[KLUG Advocacy] The TEACH Act...

advocacy@kalamazoolinux.org advocacy@kalamazoolinux.org
Thu, 02 Jan 2003 15:09:09 -0500


Comments, anyone? I got this via my ACM internal contacts...

The TEACH Act is a new law that updates copyright law regarding the use of
copyrighted works in distance learning.  There is a comment period being
conducted at this time, should any SIG be interested in offering input.

BACKGROUND

The Technology, Education and Copyright Harmonization Act or TEACH Act,
would completely revise Section 110(2) of the U.S. Copyright Act, and
copyright works, while permitting educations to use those materials in
distance education.

TECHNICAL REQUIREMENTS OF THE TEACH ACT

1) Limit access to enrolled students to the extent technologically
feasible. (Feasible is not define)

2) Provide technological controls on storage and dissemination of digitized
information, which must include technical measures to prevent "retention of
the work in accessible form by recipients of the transmission ...for longer
than the class session." "Technical measures must be applied to prevent
recipients of the content from engaging in unauthorized further
dissemination of the work in accessible form." No definition of class
session is provided.

Conditions: Institutions must use technical controls that manage delivery,
terms of accessibility, and realistic abilities of students to download or
share copyrighted content.

Protection is offered to the institution in the event that a Hacker gains
unauthorized access and violates these provisions of the bill.

3) No Interference with existing technical measures.

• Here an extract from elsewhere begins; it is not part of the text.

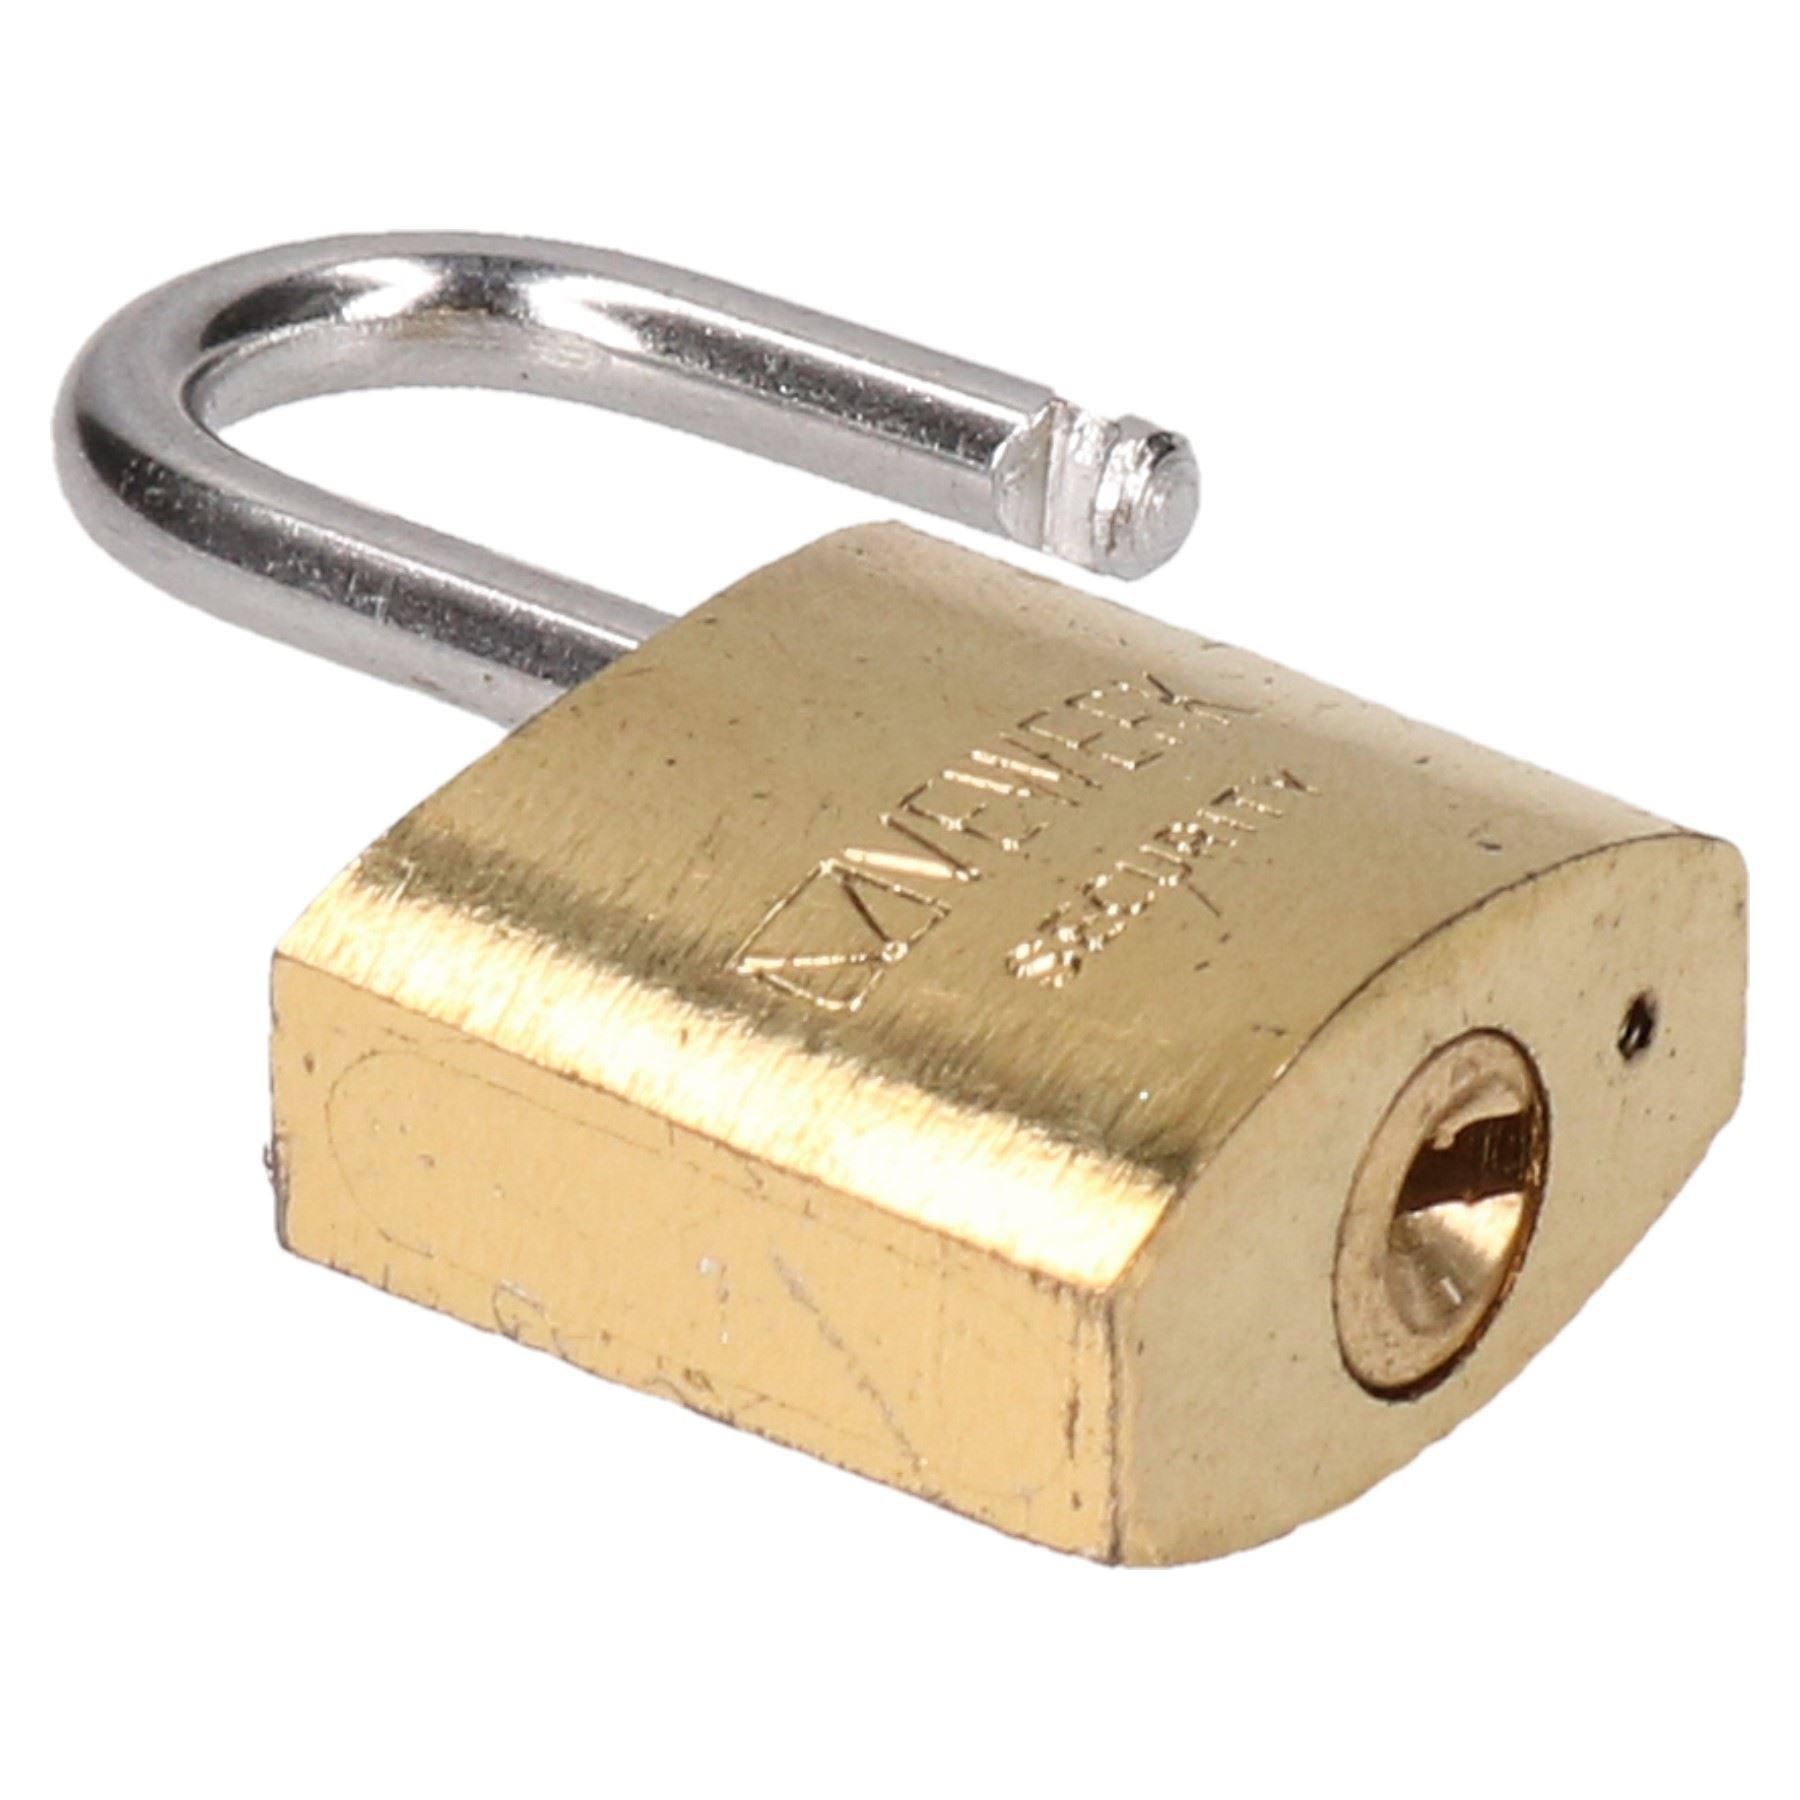 12 x 20mm Shackle Brass Padlock / Security / Lock Gate Door Shed AT002

This addresses
anti-circumvention of existing DRM technology that is applied to
copyrighted work that is made available electronically by educational
entities.

4) Limited temporary retention of copies. This would limit the length of
time that copyrighted material may be made available electronically.
Further the institution may not maintain the information on a network or
system that is accessible by anyone other than the "anticipated recipient."

5) Limited long-term retention of copies by amending Section 112 of the
Copyright Act by address the issue of "ephemeral recordings." This allows
institutions to maintain copyrighted works in storage outside of the access
of others unless allowed under the provisions of the act.